Why is everyone saying we lost? Were we all watching the same game?
To begin with, I will concede that there were quite a few Sooners walking around our lovely campus before the game started. To the casual observer, there appeared to be more of them than there were of us. They were dressed in a wide variety of outfits, ranging from a gut proudly displayed for all to see to a more elegant church-going outfit paired with cowboy boots. They traveled in packs, sometimes filling up the entire sidewalk as an intimidation tactic towards those who had to walk in the opposite direction. They were a sea of crimson red proudly marching to their inevitable doom.
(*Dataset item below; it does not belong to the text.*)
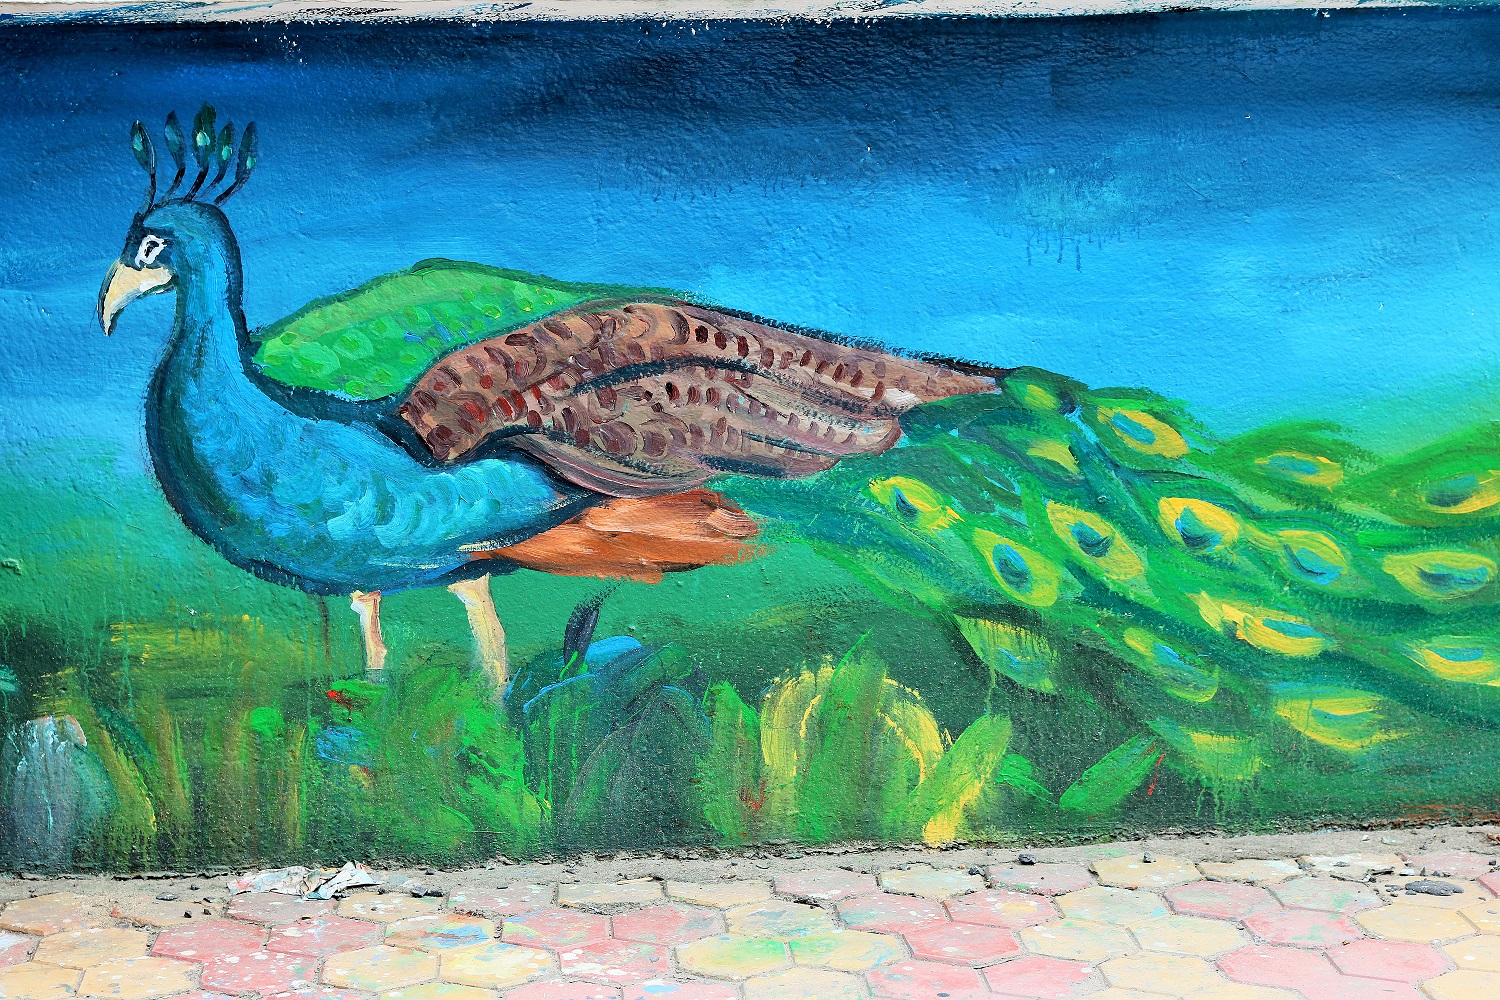 Kolkata Street Art Festival by Berger Paints India
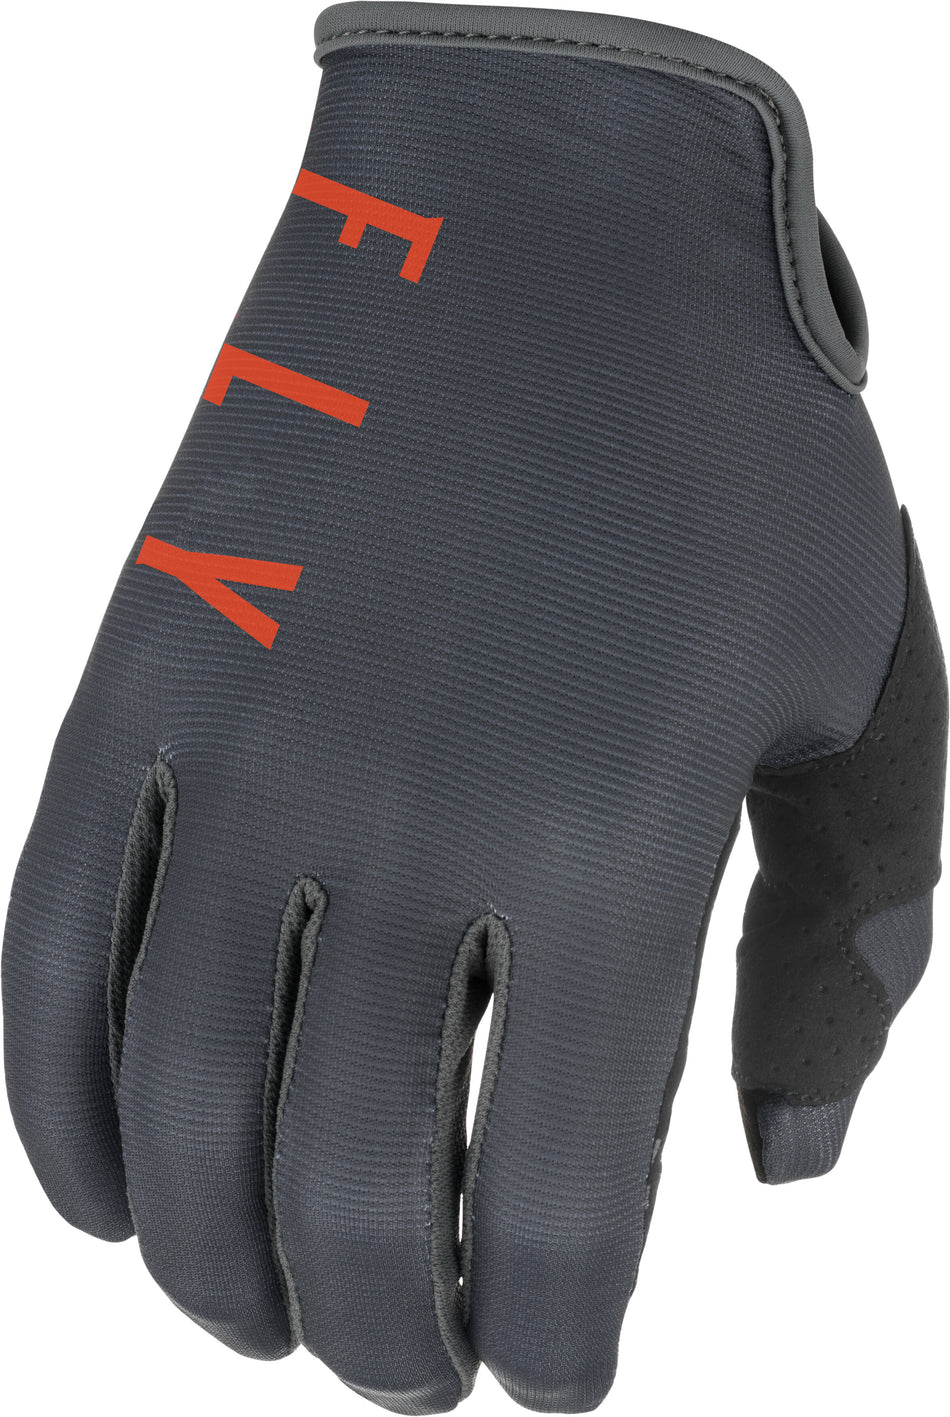 FLY RACING Lite Gloves Grey/Orange/Black Sz 07 374-71607

When the first quarter started, it was clear that things were going to go poorly for the unlucky players on the opposing team. Within moments, we scored our first touchdown when OU’s defensive team made no effort to move when our offense came rushing towards them. It was as if they turned into statues. In fact, the coaches of TU called a timeout to make sure none of our players were male gorgons in disguise. There were none of course, mostly because gorgons are banned from the entire Mid and Southwest. However, these mysterious freezing spells seemed to continue for the entire first quarter, and we were able to intercept and to score three more touchdowns while OU stood completely stupefied.
Second quarter did see OU find a moment of hope when we allowed them to make two touchdowns out of pity. They were able to kick a field goal later on, but this was their only shining moment during the game.
As fans of OU pleaded on their hands and knees for their players to do something in the last half of the game, the halftime show that was performed was absolutely incredible! Gust T., the cow mascot from Chick-fil-A and Goldie herself joined our marching band and did an entire Rockettes dance number before gravely injuring OU’s own mascots in a preemptive strike.
Nothing terribly important happened in the third quarter. We only made another three touchdowns, but at that point it was almost like adding another gold coin to a dragon’s hoard of riches. It was clear that we were going to win, and the devastated cries that came from the Sooners side as each of our players slipped past their defenses was music to our ears.
We all knew who would win before the last quarter even started. The children of OU fans weeped as we were able to score one more touchdown before the game ended. The final seven points were to us as one more gold coin is to a dragon’s hoard: highly valued, but making no real difference to the overall outcome.
The final score? 66-17 in our favor.
When the game finally ended and it was clear that TU had won by a large margin, the few clouds that had been in the sky that day parted. A beam of light shone down from the heavens and our ever-caring and responsive president was gently lifted into the air towards a chorus of singing angels. “Do not weep,” were President Carson’s last remarks before he ascended. “For you now have your beloved Chick-fil-A that was promised to you so very long ago.”
When one of our school’s students asked when the campus would receive everything else that we had been promised, Carson’s only response was a knowing, benevolent smile before he disappeared into the clouds, never to be seen or heard from again until Monday.
In the end, hundreds of OU loyalists left our campus with their heads hung low and their faces streaked with tears. It was a brutal defeat that couldn’t have happened to a nicer opponent. They did still travel in packs though, leaving no room for anyone else to walk on the pavement. Some things will never change.